I’ve spent thousands of hours working on this project, cleaning up and annotating text, organizing and tweaking things. A small handful of authors have even reached out to me, asking to have their books added to the website. I was grateful for their enthusiasm.

But in the meantime, “AI” became a thing.

And the arrival of AI on the scene has been tainted by early use-cases that allow anyone to create zero-effort impersonations of artists, cutting those creators out of their own creative process.

That’s not something I ever wanted to participate in.

Smith took the project down entirely because of that.
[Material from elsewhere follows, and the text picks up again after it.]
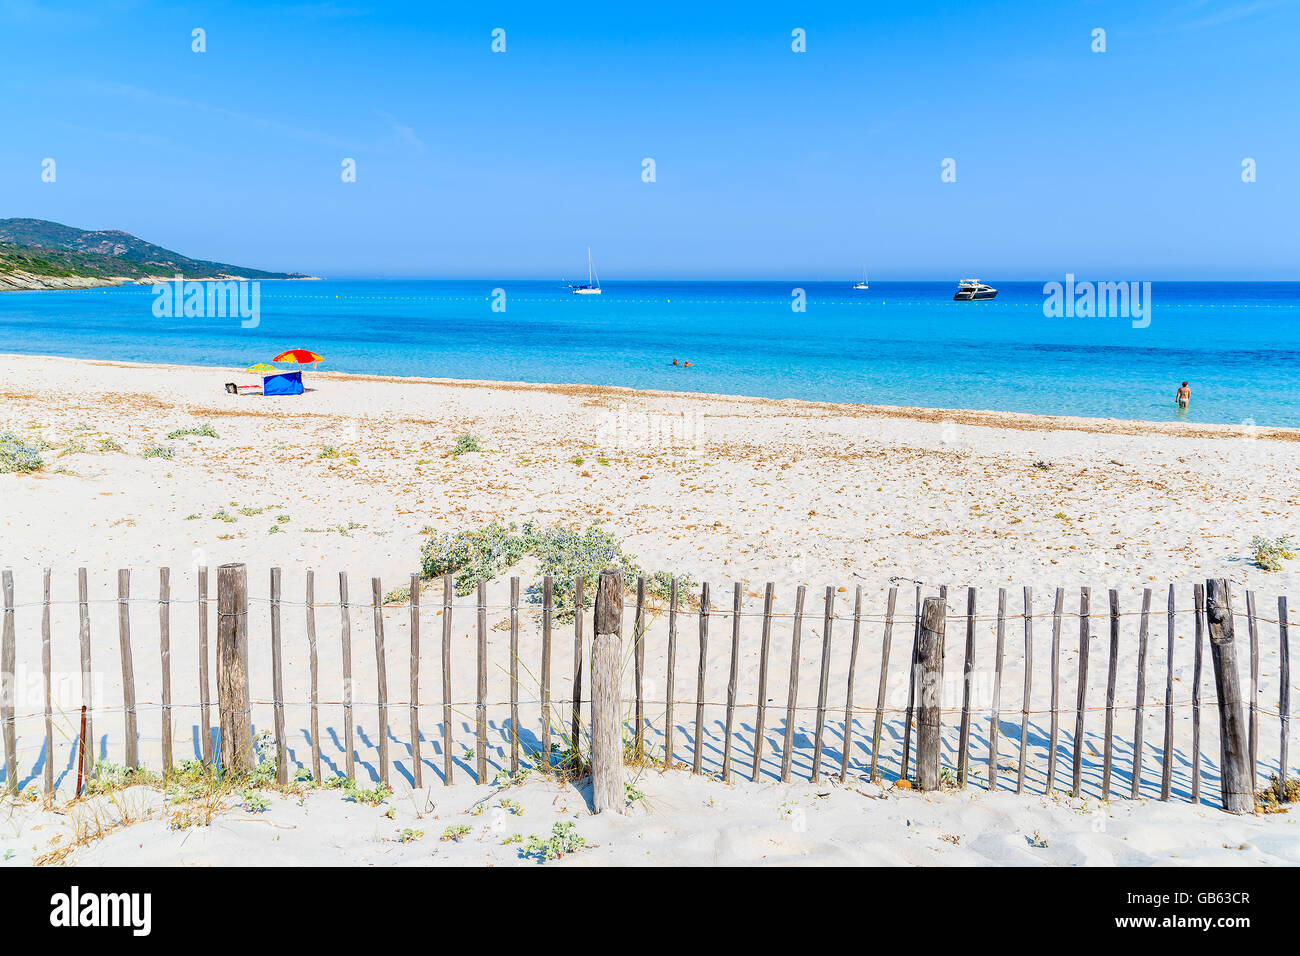 A view of Saleccia beach with white sand and azure sea water near Saint Florent, Corsica island, France Stock Photo

He doesn’t want to get lumped in with other projects, and even though his project is almost certainly legal, he recognized that this was becoming an issue:

Today the community of authors has spoken out, and I’m listening. I care about you, and I hear your objections.

Your feelings are legitimate, and I hope you’ll accept my sincerest apologies. I care about stories. I care about publishing. I care about authors. I never meant to hurt anyone. I only hoped to make something that would be fun and useful and beautiful, for people like me out there struggling to tell their own stories.

I find all of this really unfortunate. Smith built something really cool, really amazing, that does not, in any way, infringe on anyone’s rights. I get the kneejerk reaction from some authors, who feared that this was some obnoxious project, but couldn’t they have taken 10 minutes to look at the details of what it was they were killing?

I know we live in an outrage era, where the immediate reaction is to turn the outrage meter up to 11. I’m certainly guilty of that at times myself. But this whole incident is just sad. It was an overreaction from the start, destroying what had been a clear labor of love and a useful project, through misleading and misguided attacks from authors.